Added Tingle: “I didn’t want to be just another financial services company that did an annual survey that waves their finger at everyone Americans saying you’re not saving enough for retirement. You need health and wealth but there’s much more to preparing for a long life.”
“What the heck am I going to do?”
Then again, thinking about death is a bummer. A lot of people buy life insurance as protection against the worst, hoping that they’ll never have to use it—or have it pay out after a long and happy life. That’s essentially how John Hancock brokers have sold policies from 1864 to today, where it generated $8.6 billion a year in insurance revenue as a subsidiary of Canada’s Manulife Financial.

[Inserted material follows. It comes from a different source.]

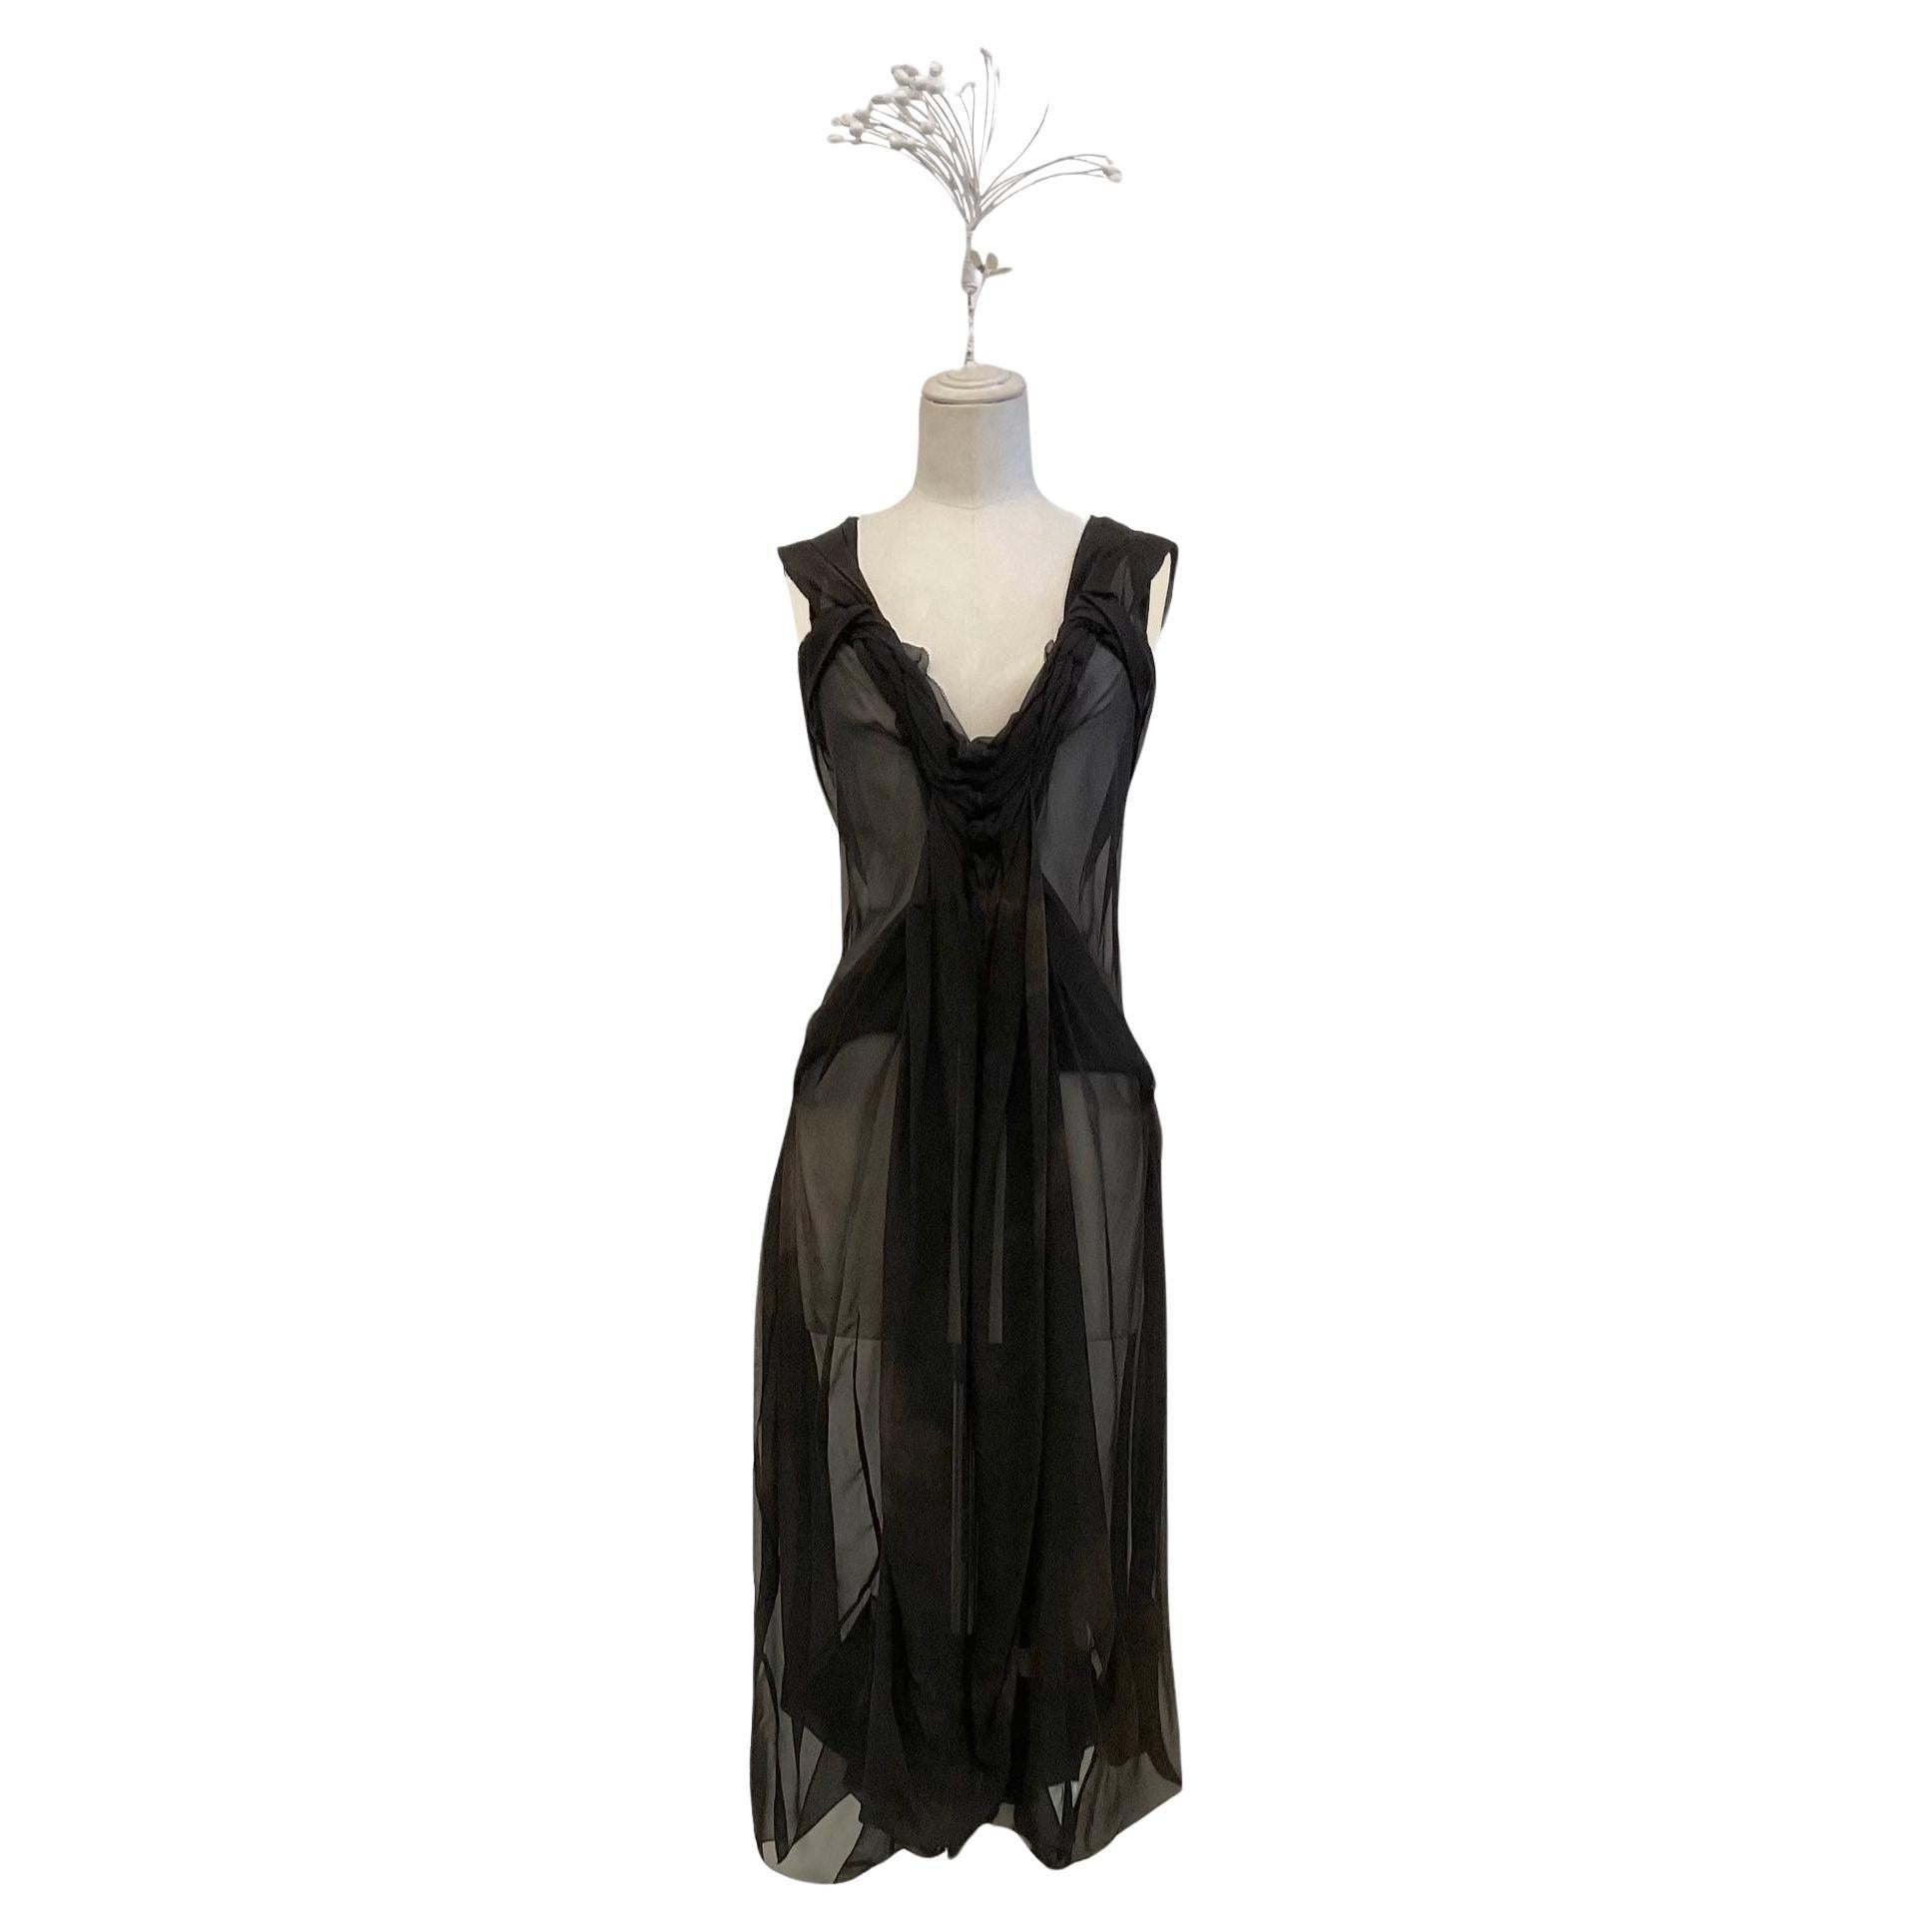 JOHN GALLIANO "Torsion" midi dress in dark brown silk georgette fw 2006 For Sale

That’s how every life insurer makes money—by selling you policies in which you can afford to pay them more than they’ll ever have to pay you. It’s a relationship that customers tend to maintain for more than two decades and yet it rarely extends beyond the act of purchasing a policy. As he put it: “A lot of these planners tend to talk about a transaction, or to the extent it is planning, it’s around planning around one dimension of what we believe is fulsome preparedness to live a longer, healthier, better life.”
Tingle’s goal is to encourage those sellers to become enablers of longevity and build deeper (and more profitable) relationships with customers by giving them incentives to invest in their own longevity. He’s partnered with consumer health-tech companies like Oura and Prenuvo, and also featured ClearCardo, as well as the foundation of Damar Hamlin, a Buffalo Bills player who had a cardiac arrest during a game three years ago, who funds CPR training and external defibrillators in youth sports. “It truly shifted my perspective on life,” Hamlin told Tingle during the conference. “We all have our platforms…you have to lead where you are.”
For Tingle, three years of building out a platform for longevity have prompted some internal reflections on what it means to grow old. “I’ve been at Hancock for 35-plus years now,” he said. “Simple math says there are fewer of those years ahead of me than behind me in terms of this version of my career, and I plan to stay as long as they’ll have me.”
“We have this gift that, frankly, most of our grandparents, and their parents and grandparents, didn’t have, which is decades of life after your first act professionally,” he told me. “If I leave at 65, 67, and live to 87 or 97, I think, ‘What the heck am I going to do?’”
Does he have an answer? Not yet. But he’s living healthier and “I’m certainly going to be prepared.”